*Data shown*
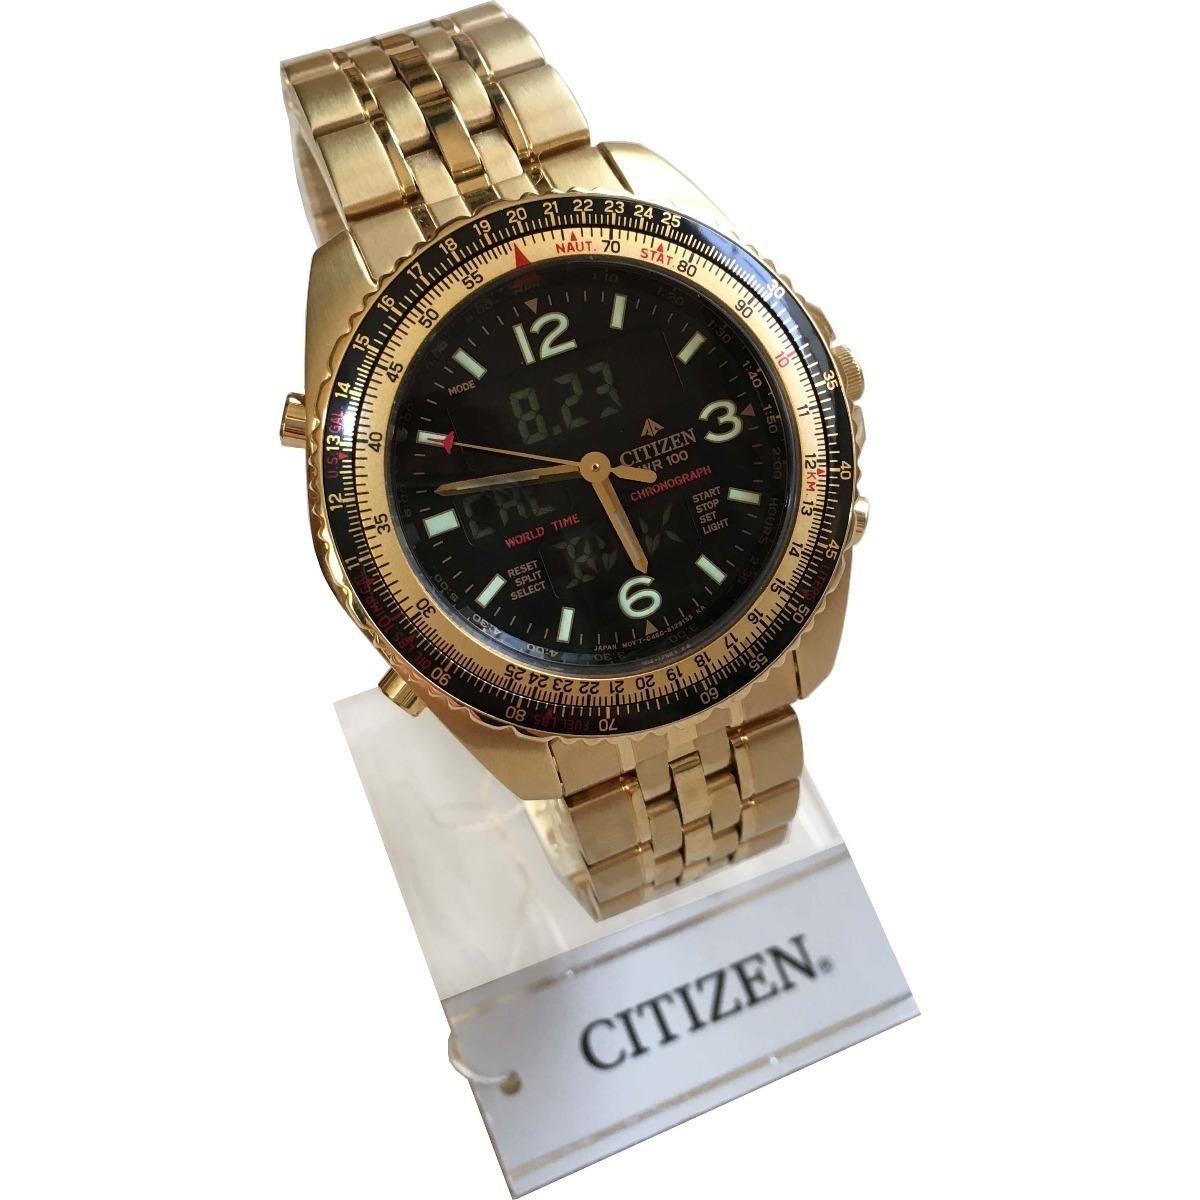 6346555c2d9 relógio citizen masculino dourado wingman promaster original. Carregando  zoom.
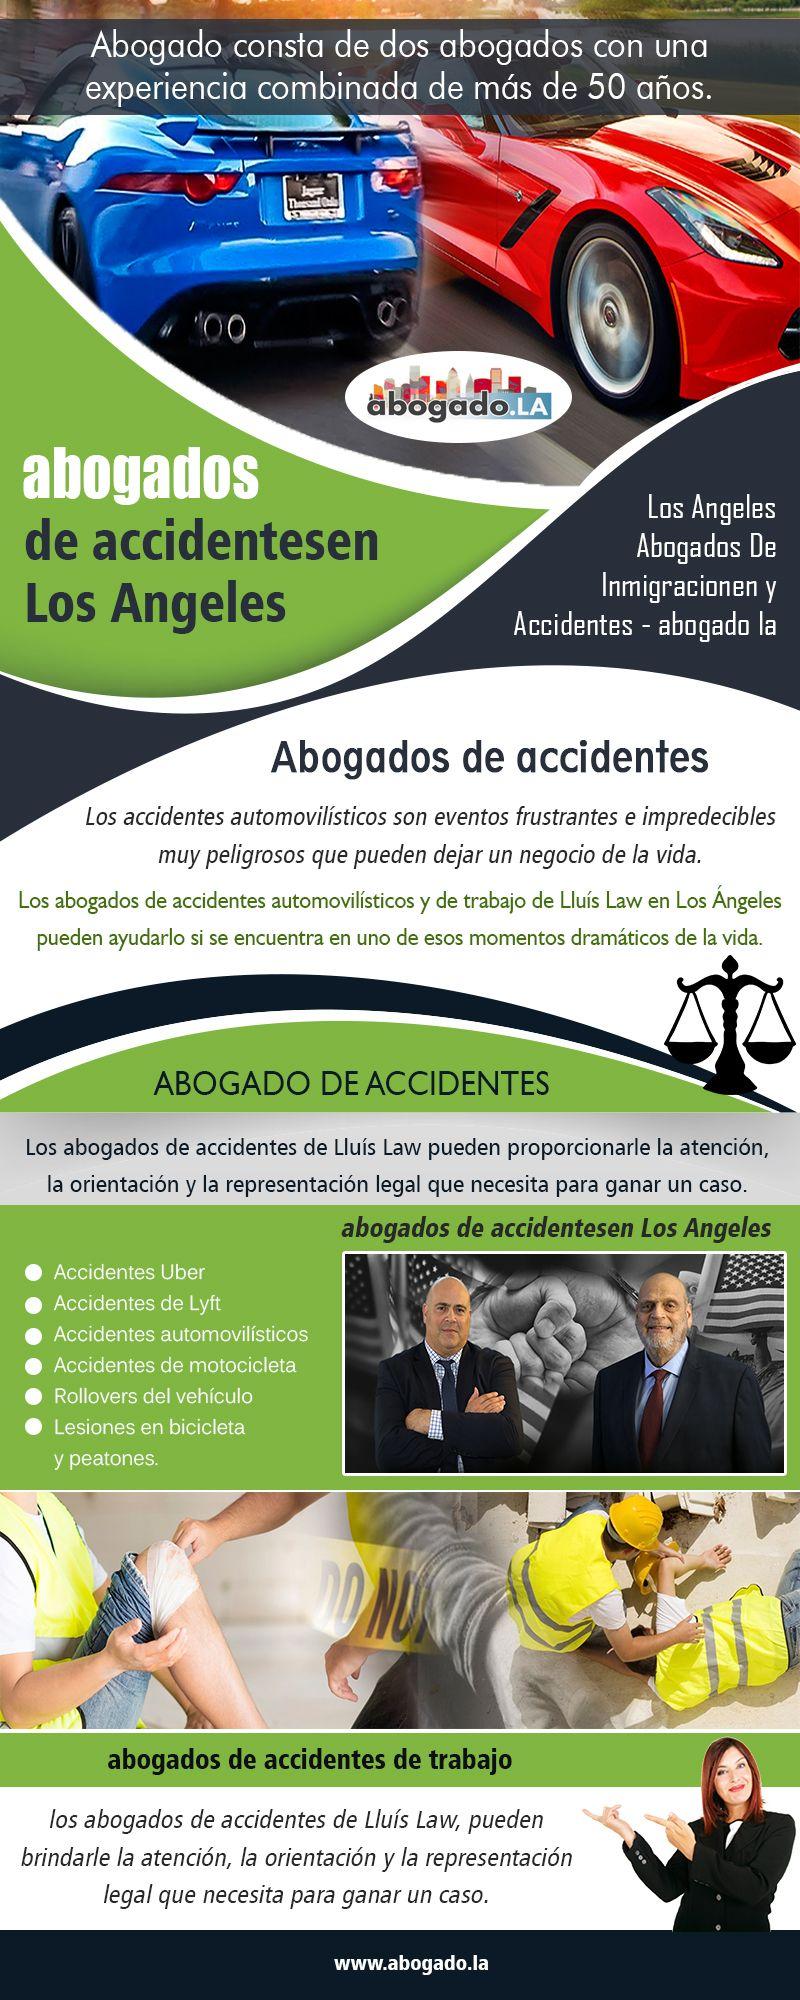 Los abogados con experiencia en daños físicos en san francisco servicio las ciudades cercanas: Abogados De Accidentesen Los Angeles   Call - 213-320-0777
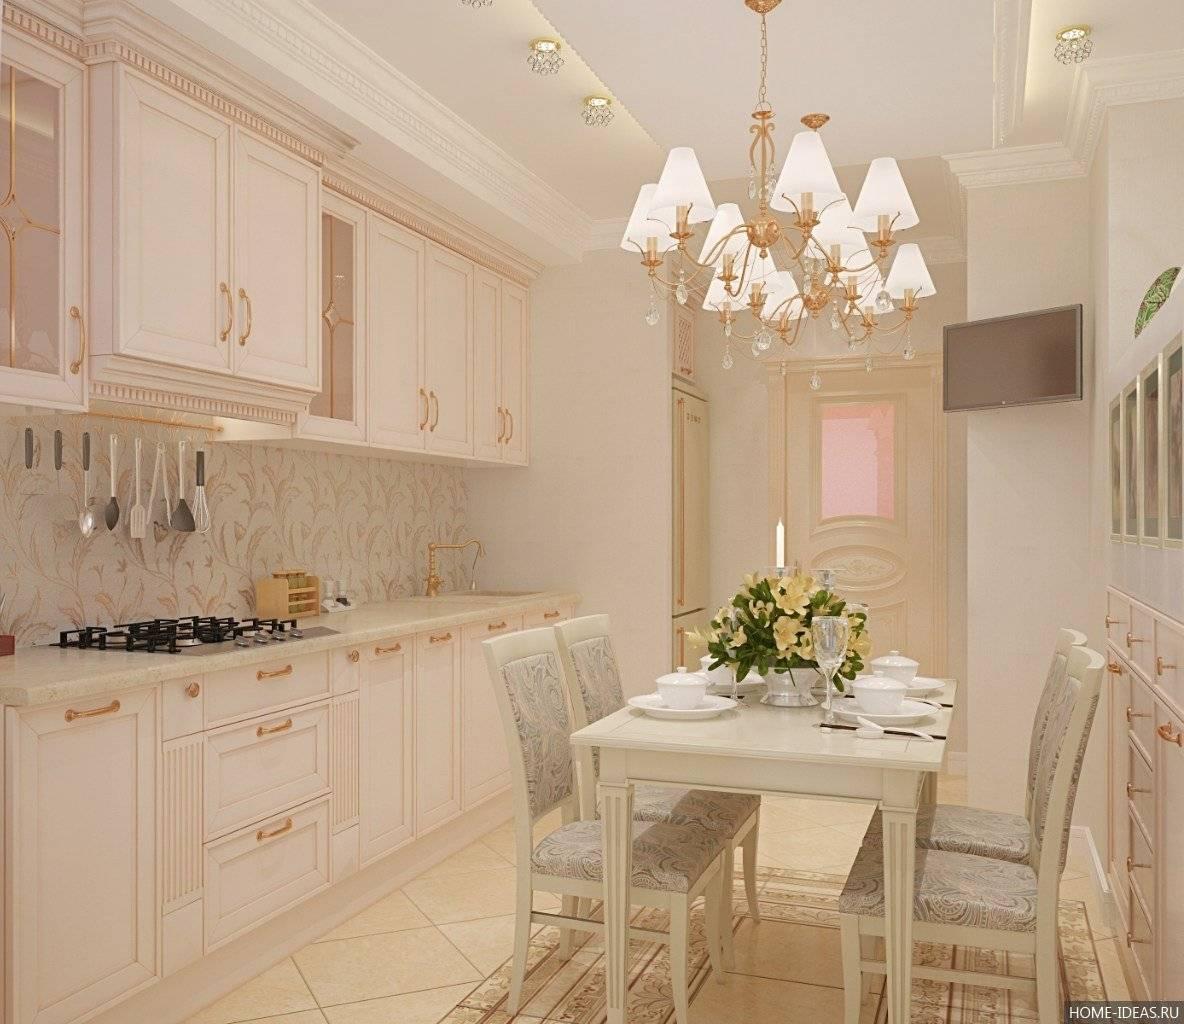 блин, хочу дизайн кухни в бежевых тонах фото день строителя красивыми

*Required work*
Leave the images out and transcribe the remaining data above word for word.

*Answer box*
 6346555c2d9 relógio citizen masculino dourado wingman promaster original. Carregando  zoom.
 Los abogados con experiencia en daños físicos en san francisco servicio las ciudades cercanas: Abogados De Accidentesen Los Angeles   Call - 213-320-0777
 блин, хочу дизайн кухни в бежевых тонах фото день строителя красивыми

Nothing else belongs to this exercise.